Posted by Atle Lohrmann at November 27. 2002
Quote
What is correlation?


When we say that our instruments "find the Doppler shift of the backscattered acoustic echo", we are not really being very specific.   Indeed, there are many ways to find the frequency shift of an echo.  In the case of Nortek - and the Vector - we use a method commonly referred to as the "autocovariance method".  

In this method, we do not directly calculate a frequency shift.

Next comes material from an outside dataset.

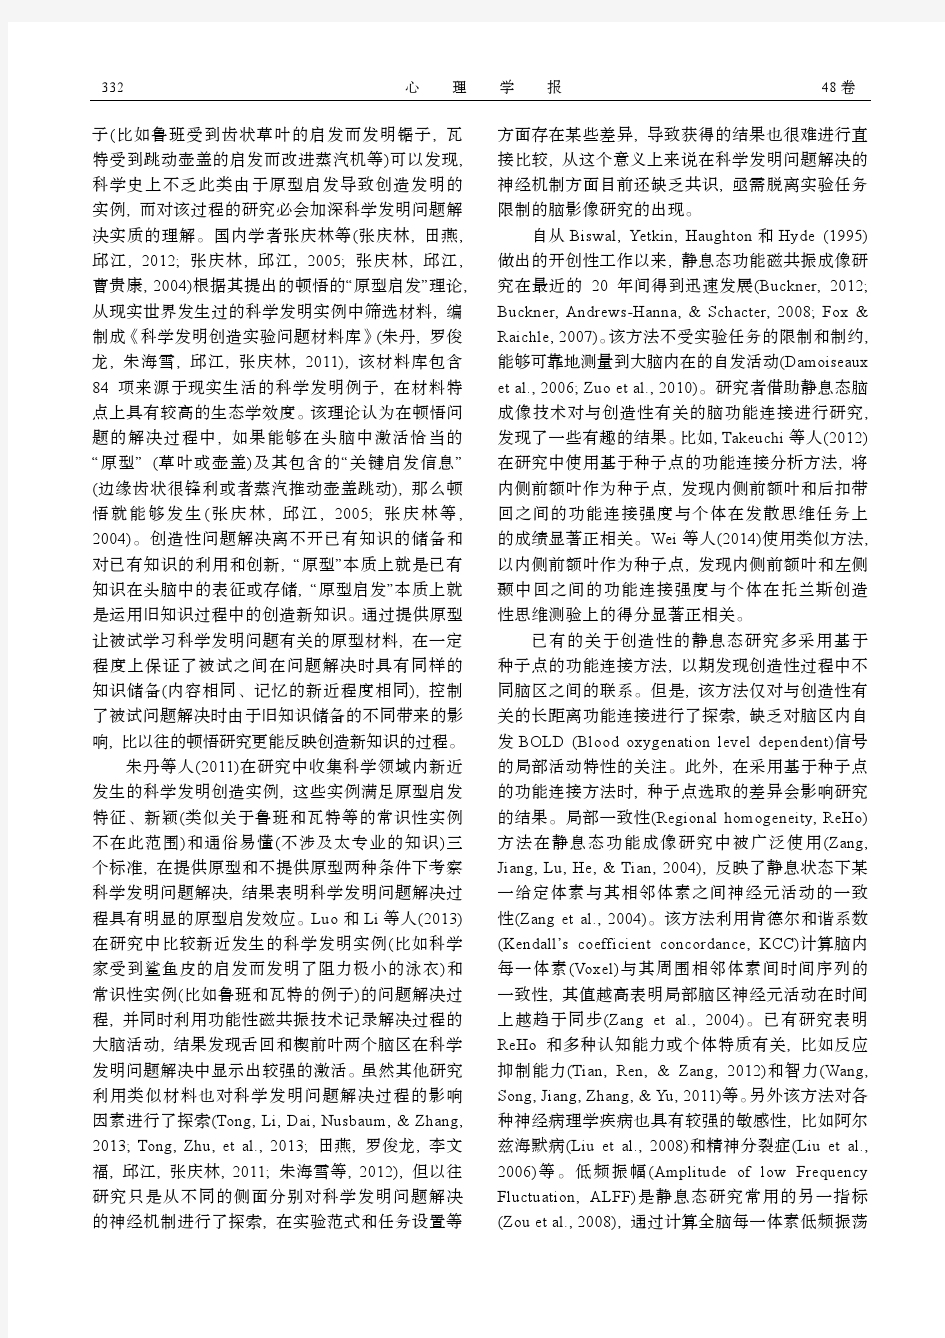 李文福, 童丹丹, 邱江, 张庆林. (2016). 科学发明问题解决的脑机制再探

Iinstead we we calculate the phase shift between two signals coming back from the water:

Signal 1: s1
Signal 2: s2

If we are two find the phase change between the two signal (assuming s1 and s2 complex, which they are), we find:

Covar=<[s1 * conj(s2)>      - conj means complex conjugation

We then normalize:

Corr=Covar/sqrt(<s1(0)**2><s2(0)**2>;)

and the phase change dteta can be expressed as:

dteta=atan(imag(Corr)/real(Corr))

and "the correlation" we output from the Vector is:

Cor = sqrt(imag(Corr)**2 + real(Corr)**2) or the "norm" of Corr.

This is all standard stuff and can be found in most university books on digital signal processing.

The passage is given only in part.